Naturally, nailing that first scene took just as much careful imagining and planning as any of Cuarón’s films.
“We had the whole dynamic of the light, but we were also figuring out how we’re going to contain everything in one shot, and create that dynamic inside the frame – it was not unlike anything else that I’ve approached with Chivo,” Cuarón says, nicknaming his frequent collaborator, cinematographer Emmanuel Lubezki, who teamed up on Disclaimer with Coen Bros. regular Bruno Delbonnel. “We wanted to have two different cinematographers to provide different cinematic languages for each narrative.”

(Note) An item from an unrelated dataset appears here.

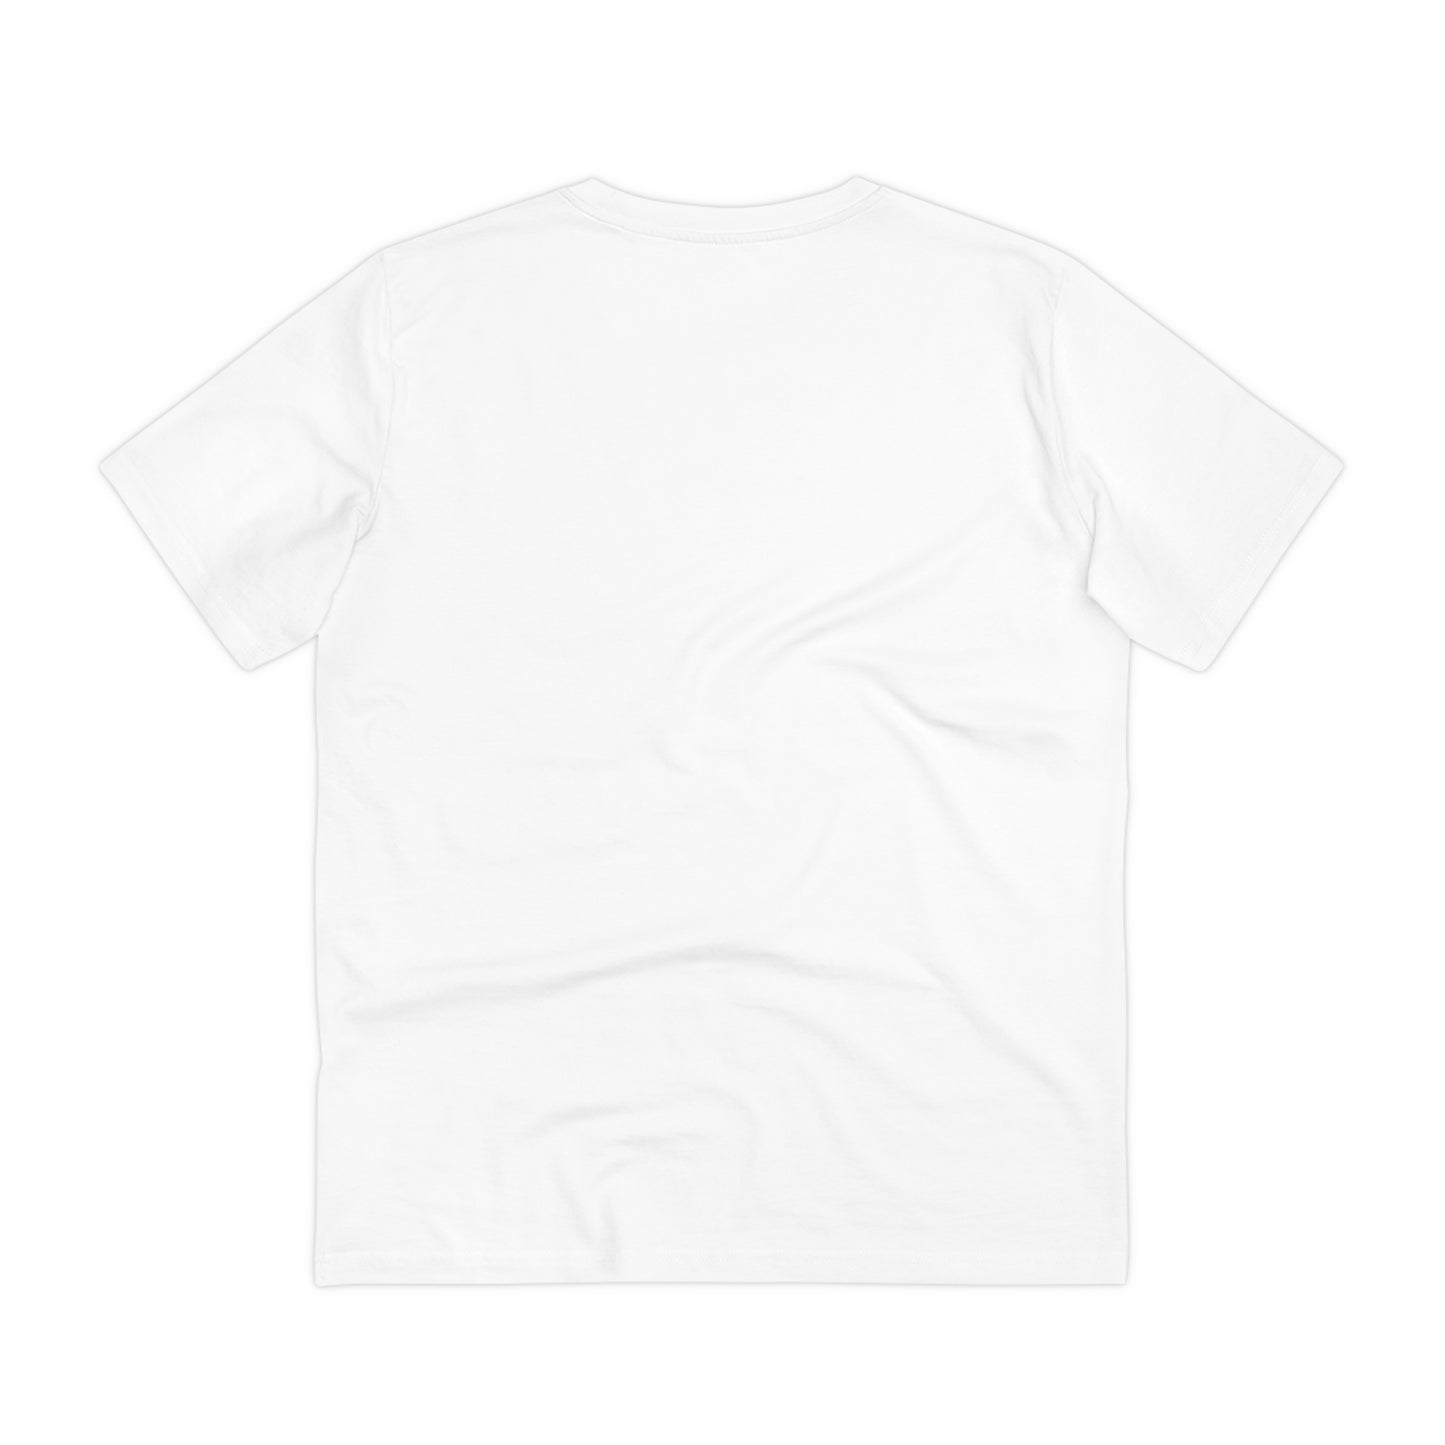 Justabarth T-shirt #5

Those two stories are divided between Catherine Ravenscroft (Blanchett), a mid-career documentary filmmaker, and Stephen Brigstocke (Kline), a retired professor and father of Jonathan, the easily aroused lad glimpsed in that opening train scene. How Catherine and Stephen’s lives intersect – crash, really – is the great formative trick of Disclaimer, which further splits perspectives by using first-, third- and the rarely used second-person narration.
“Voiceover is mostly used in a lazy way, to fill in the blanks and give a sentimental tone – ‘I remember my childhood in blah blah,’ ” Cuarón says. “But there is another voiceover that can be more introspective. It’s unusual to hear, ‘You do this, you do that.’ My first exposure to second-person was as a teenager, watching The Man Who Sleeps. It forms a striking relationship with the viewer.”
Similarly, viewers cannot say that Cuarón doesn’t offer instructions – perhaps a disclaimer – to his approach from the start. Immediately after the train-sex sequence, the director iris-outs to a black-tie gala at which Catherine is receiving an award from real-life journalism icon Christiane Amanpour, who commands the room to “beware of narrative and form – their power can bring us closer to the truth, but they can also be a weapon with a great power to manipulate.”
“The audience is being warned from the beginning – you’ll see when you watch the second time around. Listen to the music throughout, too,” Cuarón says. “There are a lot of clues over and over.”
Immediately, Cuarón pulls the audience in and makes them complicit in the emotional storm that soon engulfs Catherine after her personal history – what happened between her and Jonathan after he got off that train – is exposed to the world by Stephen.
Similar to Blanchett’s work in the 2022 drama Tár, Disclaimer sets up its audience to form, maybe even desire, a presumption of guilt.
“Filmmakers and artists throughout history have dealt with this theme – what comes to mind is The Crucible, or 12 Angry Men,” Cuarón says. “It starts as the judgment of the characters, but at the end it’s the judgment of the audience.”
If Disclaimer ultimately feels like the most complex and epic of Cuarón’s projects – and this is the filmmaker who once punted Sandra Bullock into the stars and filmed a Children of Men single-take shot so complex that it has spawned a cottage industry of YouTube explainers – then that’s because it is.
“None of my films are overtly as narrative as this, so that was daunting. But combining the kaleidoscope of narratives was important in terms of making the film as a whole,” says Cuarón. “I tend to try to do stuff that I’ve never done before. I don’t know if it’s about challenging myself, or more about learning.”
The first three episodes of Disclaimer screen at TIFF Sept. 9, Sept. 11 and Sept. 15 (tiff.net). Disclaimer’s first two episodes premiere Oct. 11 on Apple TV+, with new episodes added every Friday through Nov. 15.